### Task directions
Write out the full listing exactly as given, minus the images.

### Data shown
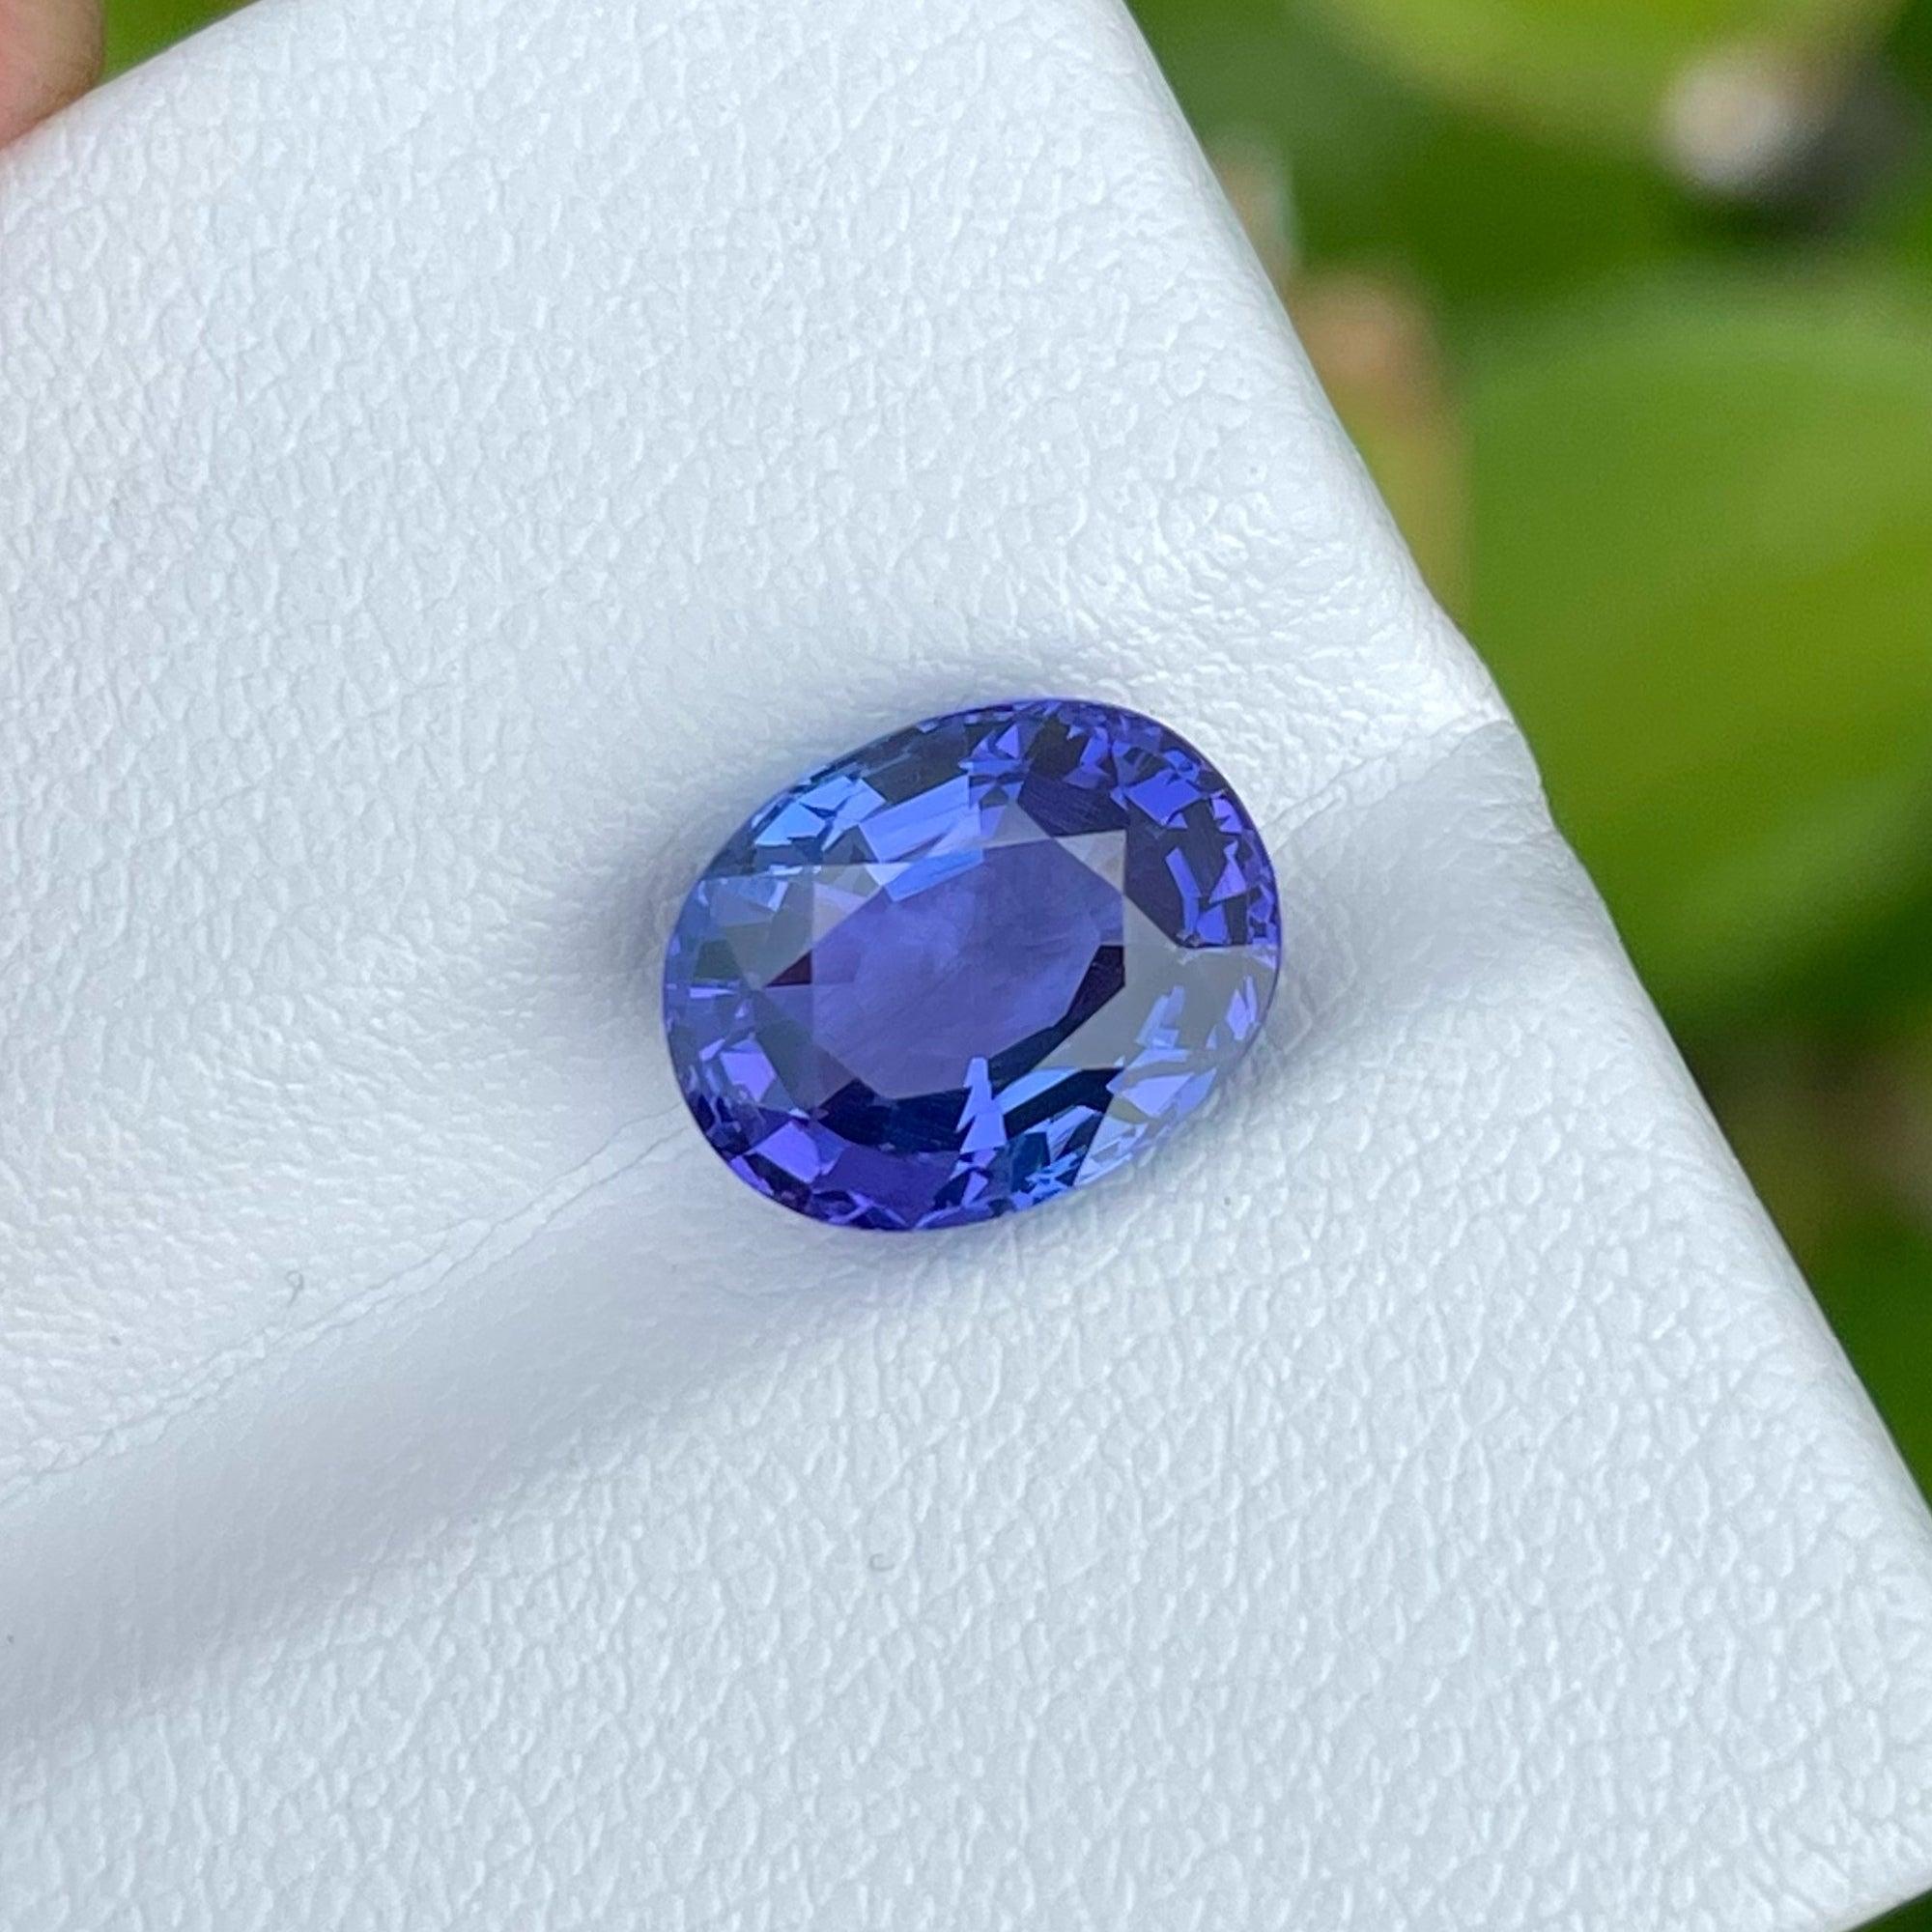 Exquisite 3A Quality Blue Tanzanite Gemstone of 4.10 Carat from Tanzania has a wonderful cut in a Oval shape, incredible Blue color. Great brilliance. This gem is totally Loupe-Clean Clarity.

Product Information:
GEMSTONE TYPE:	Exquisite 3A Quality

### Response
 Exquisite 3A Quality Blue Tanzanite Gemstone of 4.10 Carat from Tanzania has a wonderful cut in a Oval shape, incredible Blue color. Great brilliance. This gem is totally Loupe-Clean Clarity.

Product Information:
GEMSTONE TYPE:	Exquisite 3A Quality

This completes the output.